Bob looks pretty proud of the new shovel.  No doubt she'll earn her keep pretty quick.


I installed tiny little magnets in the bottom of some choice pieces of clutter so all the buckets, cans, toolboxes, etc. can be positioned wherever I like.  The "grease" in the bucket is black silicone caulk.  Thanks for looking!



Regards,


----------



## Torby (Jan 2, 2008)

Love all that detail! 

That bucket of grease is cool.


----------



## SE18 (Feb 21, 2008)

looks terrific


----------



## Les (Feb 11, 2008)

Thanks for taking time to post those pixes. The magnet idea is excellent for the small stuff, BTW. That grease bucket is cool.

Les


----------



## dillo99 (Jan 3, 2008)

That's beautiful.
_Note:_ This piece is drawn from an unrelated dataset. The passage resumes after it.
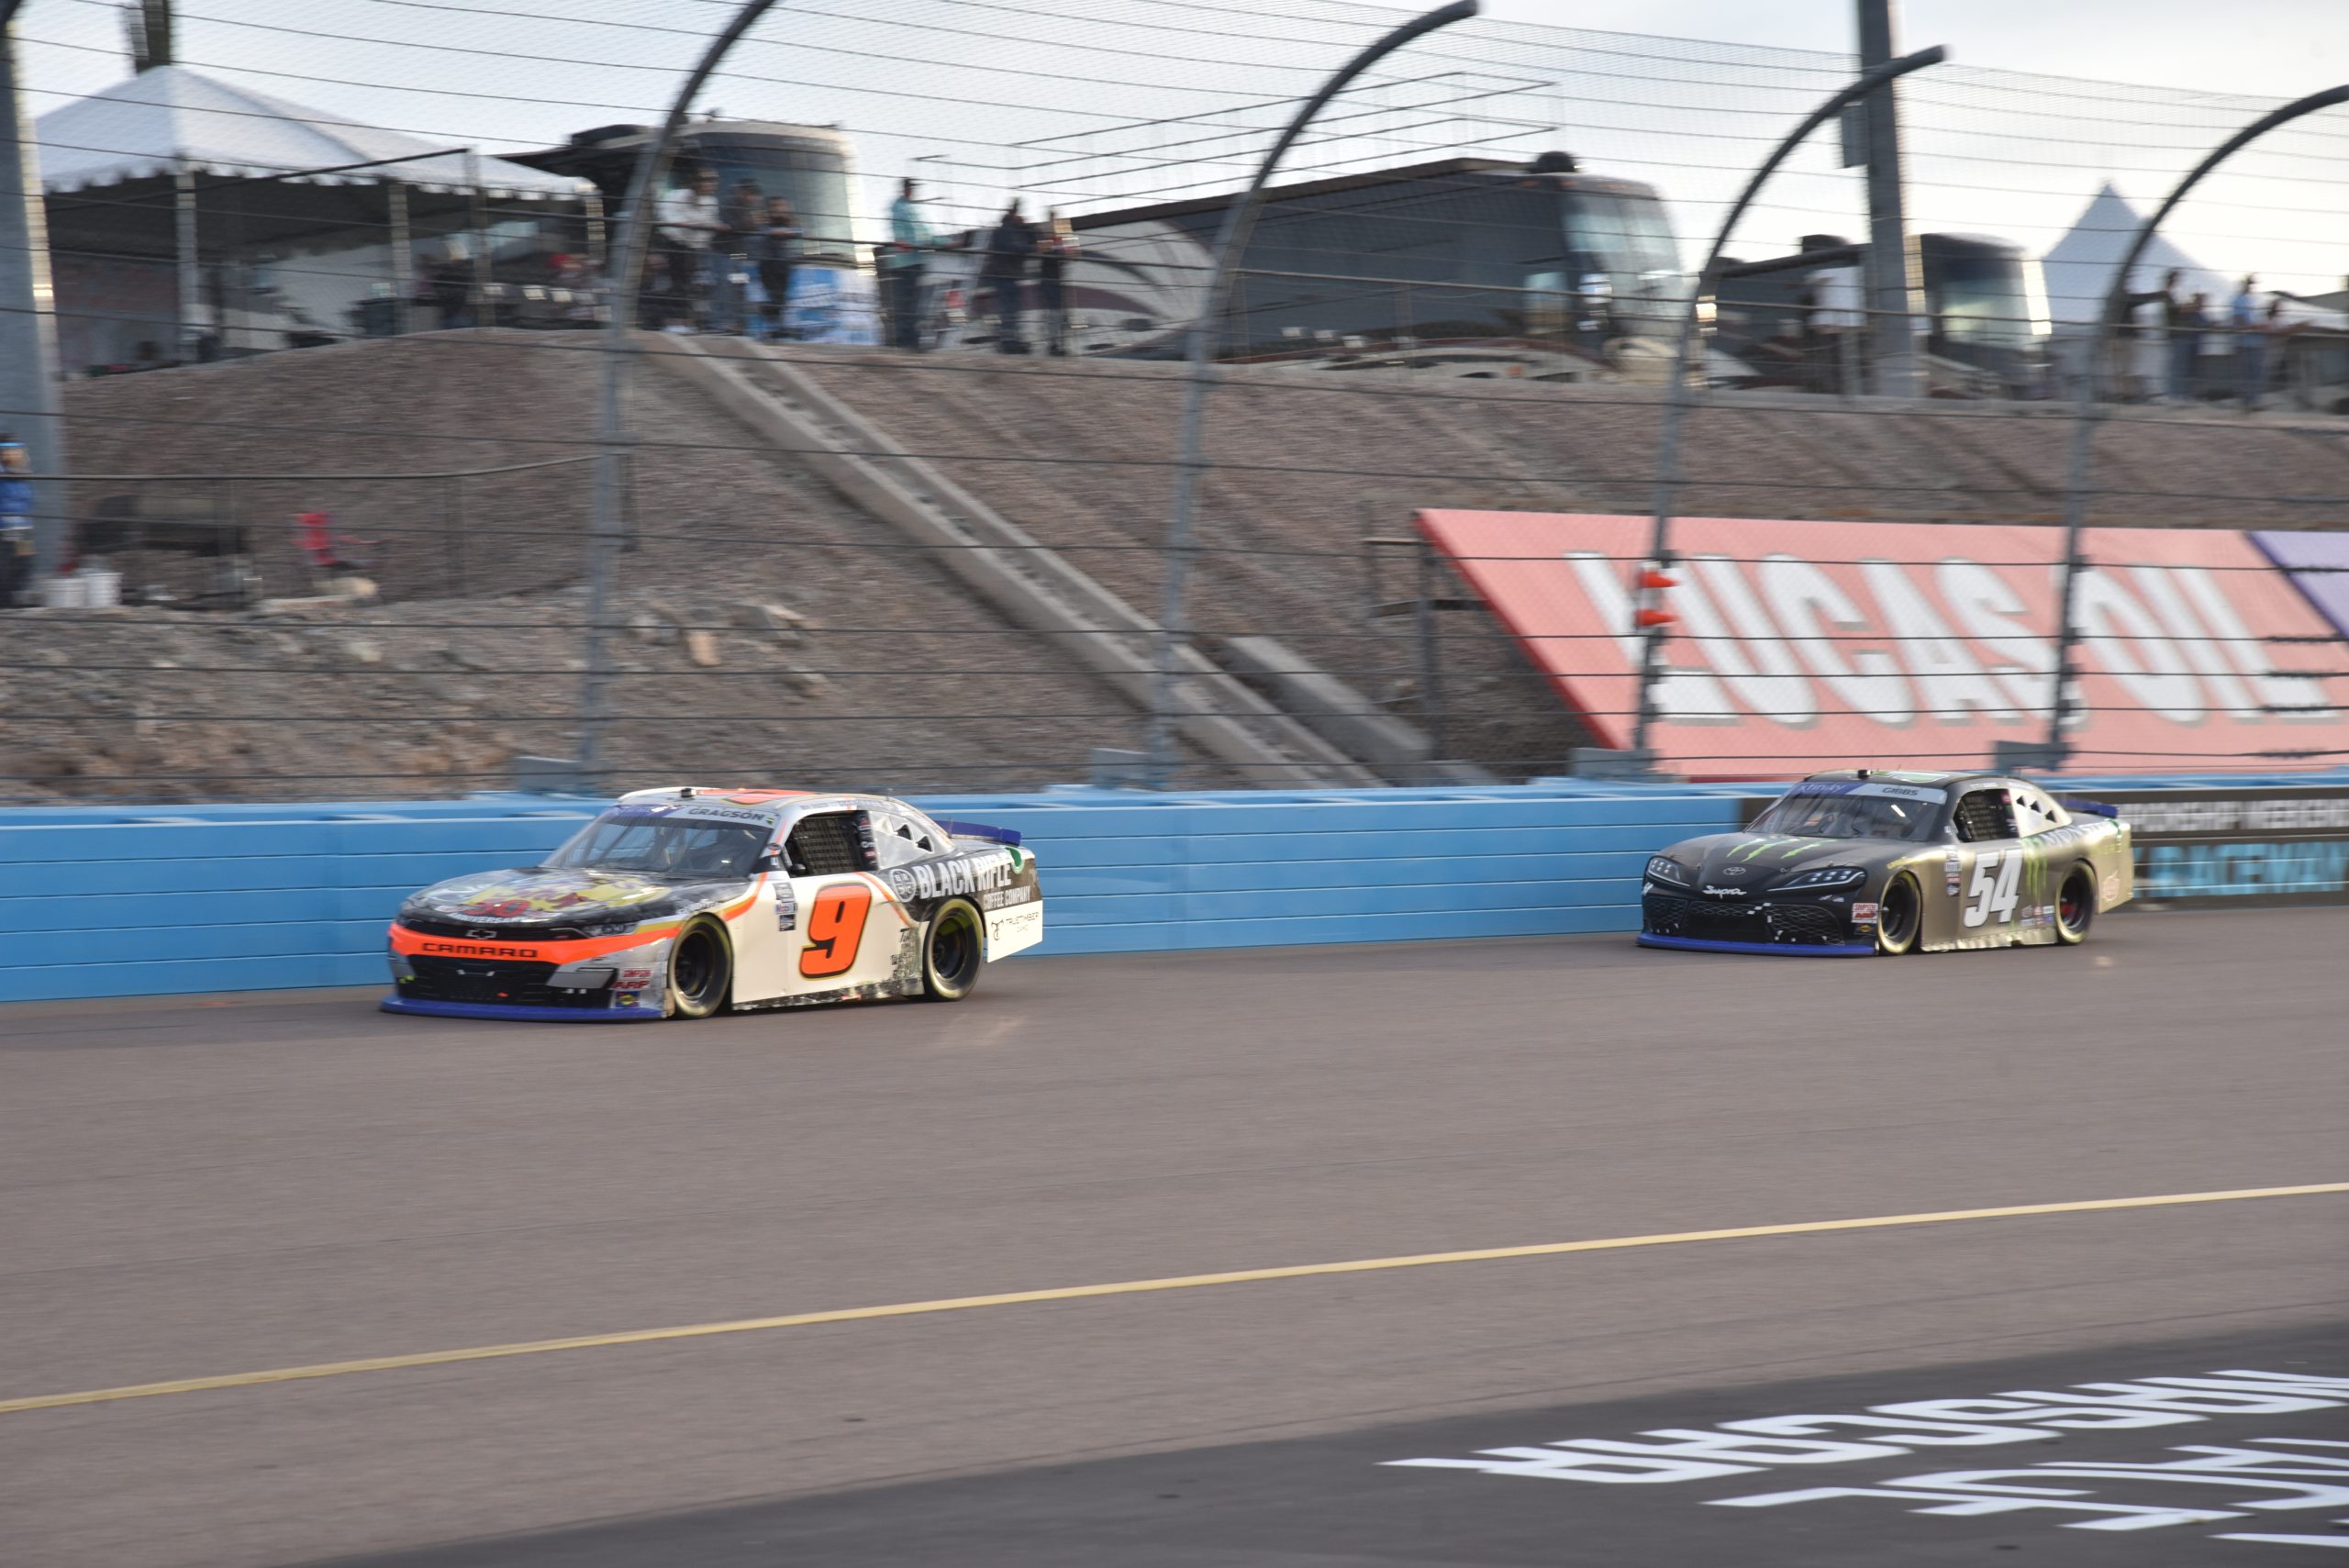 There was no holding back between Gragson and Gibbs at Phoenix. (Photo: Luis Torres | The Podium Finish)

Nice job!


----------



## SteveC (Jan 2, 2008)

If anyone is interested in a PDF file format of Eric's topic use the link below.

*1:20.3afying a Steam Shovel*
*File Format: PDF / File Size: 1.5MB*
*Left-click to open - Right-click to download*


----------



## Les (Feb 11, 2008)

Mindreader.







I was meaning to ask how to get the saved file on that, but didn't know what to ask for. Thanks for taking the time & trouble to set it up the way you did.

Les


----------